This doesn’t mean you need to be a Scrooge. But it does mean you need to be mindful of how your friends and family influence your spending.
Love to shop with friends? Then find your cheapest buddies and hit thrift shops and sales racks. When it’s time to eat and drink, hit up happy hour deals and lunch specials, which are less expensive than regular menu items. Better yet, invite your pal over for a beer or meal to celebrate your spoils.
You can also use the buddy system when it comes to spending on celebrations like birthdays, anniversaries, weddings and baby showers. Instead of paying for everything separately, consider going in on gifts with friends (since you can often get a better deal on larger purchases), sharing a hotel room for a destination wedding or offering to make a salad or bring soft drinks for a birthday party.
3. Don’t try keeping up with the Kardashians
The adage, “He who dies with the most toys wins” should probably be rewritten to read, “He who dies with the most toys still dies.” While consumerism dictates you should have the best and shiniest toys, the journey to becoming a millionaire is the exact opposite.
Sure the Kardashian lifestyle is glamorous, but trying to emulate them is the wrong path to becoming a self-made millionaire. “Boats, yachts, private planes, first-class flying [and more] means less money that can be put into savings and less money that can invested in order to generate passive income or investment gains,” Corley said. “The money is gone forever.”

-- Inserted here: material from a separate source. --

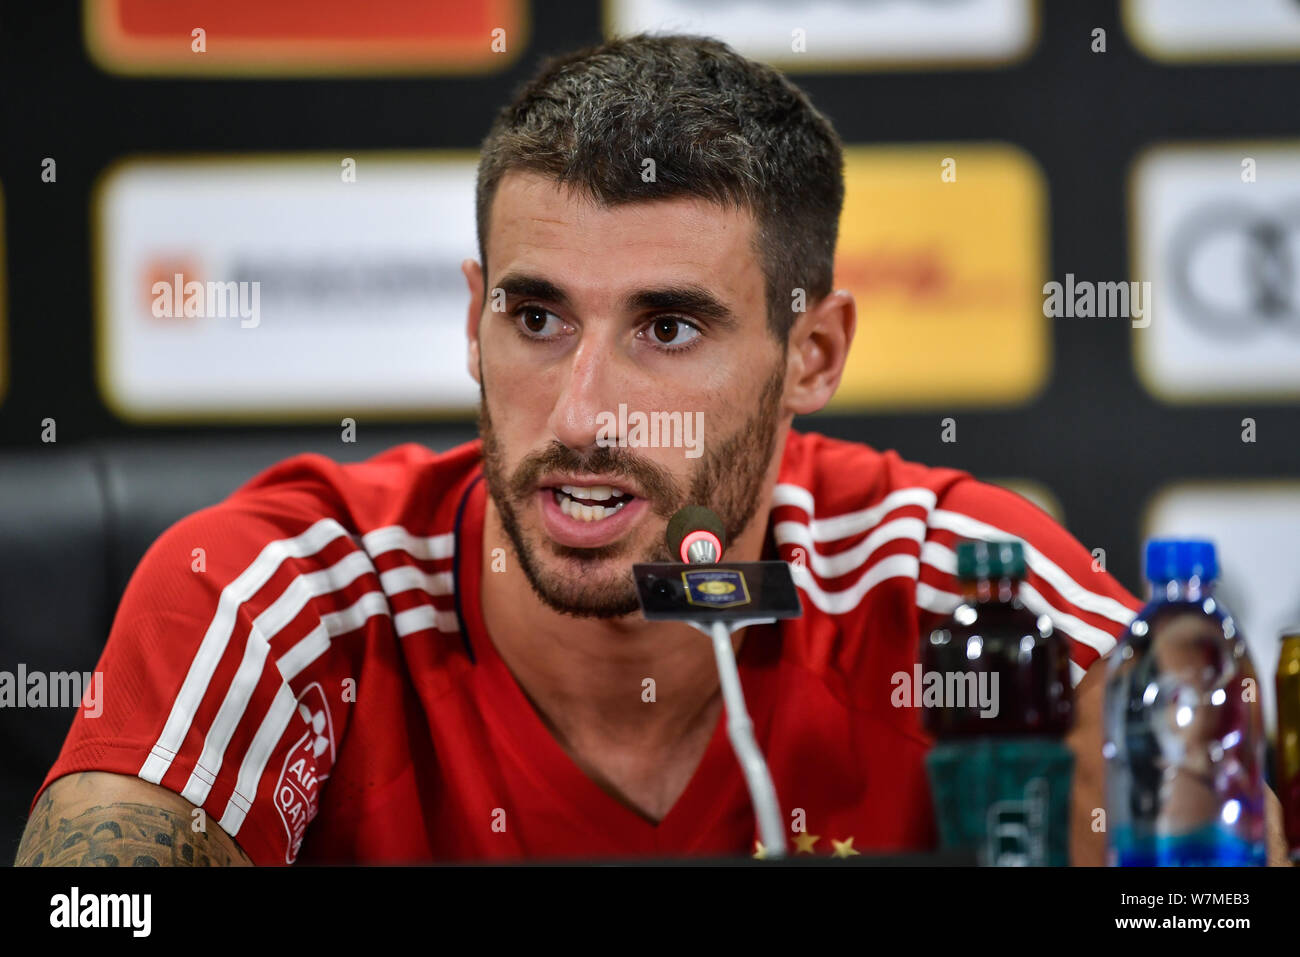 Spanish football player Javi Martinez of FC Bayern Munich attends a press conference for the Shenzhen match of the 2017 International Champions Cup Ch Stock Photo

Housing is the biggest monthly expense for most people and should not consume more than 25% of your gross monthly salary. If you’re sick of your tiny home or apartment and are tempted to spend more after a raise, consider making more modest upgrades instead, like giving your place a fresh coat of paint, replacing ugly knobs on your kitchen cabinets or decorating with a new couch or floor rug.
Use the same budget mentality when it comes to buying a new car. Purchasing a year-old preowned car can save you 27%, according to Edmunds. And don’t fall into the trap of spending “20% of your monthly take-home pay” on car payments. Instead, use a loan calculator and consider a vehicle that you can afford long term, especially if your job or financial situation changes.
4. Curb this stealthy budget buster
The average millennial spends about $183 a month going out and on coffee and food on the fly, according to a 2016 study by TD Bank.
Sound like you? If you’re prone to impulse buys on food or clothing or have no idea where a big chunk of your money goes, it’s time to practice some “sober spending.” One trick is to wait at least 24 hours before your buy something you hadn’t thought of until you saw it. Consider writing down what you buy and spot your purchasing weaknesses so you can steer clear of — or at least limit — those triggers.
Also, keep an eye on your food budget both at the grocery store and in restaurants. Don’t order more than you can actually consume (of course everything looks good too when you go out hungry) and don’t fall for cute or delicious packaging at the grocery store before checking prices.
5. Pay first, enjoy later
Just because you have a game plan doesn’t mean you have to live like Oliver Twist. You can still have your cake and eat it, too, so long as you can actually afford it.
Before you spend on a trip to Europe, for example, review your weekly and monthly spending to see where you should cut back to afford your fun. Ideally, you want to have saved up the money for your vacation before you ever get on the plane.
Can’t swing it without going into credit card debt? Consider traveling somewhere closer to home or look for less expensive lodging if you’ve already booked your flight. (It’s a lot easier to get out of an expensive hotel reservation than it is to change a flight without racking up cancellation fees.)
The next time you want to treat yourself, start planning before you commit to the purchase. If you don’t have the cash on hand, create a special fund or money bucket dedicated to your endeavor. Once you reach your goal, feel free to spend every dime you budgeted.
You’ve earned it.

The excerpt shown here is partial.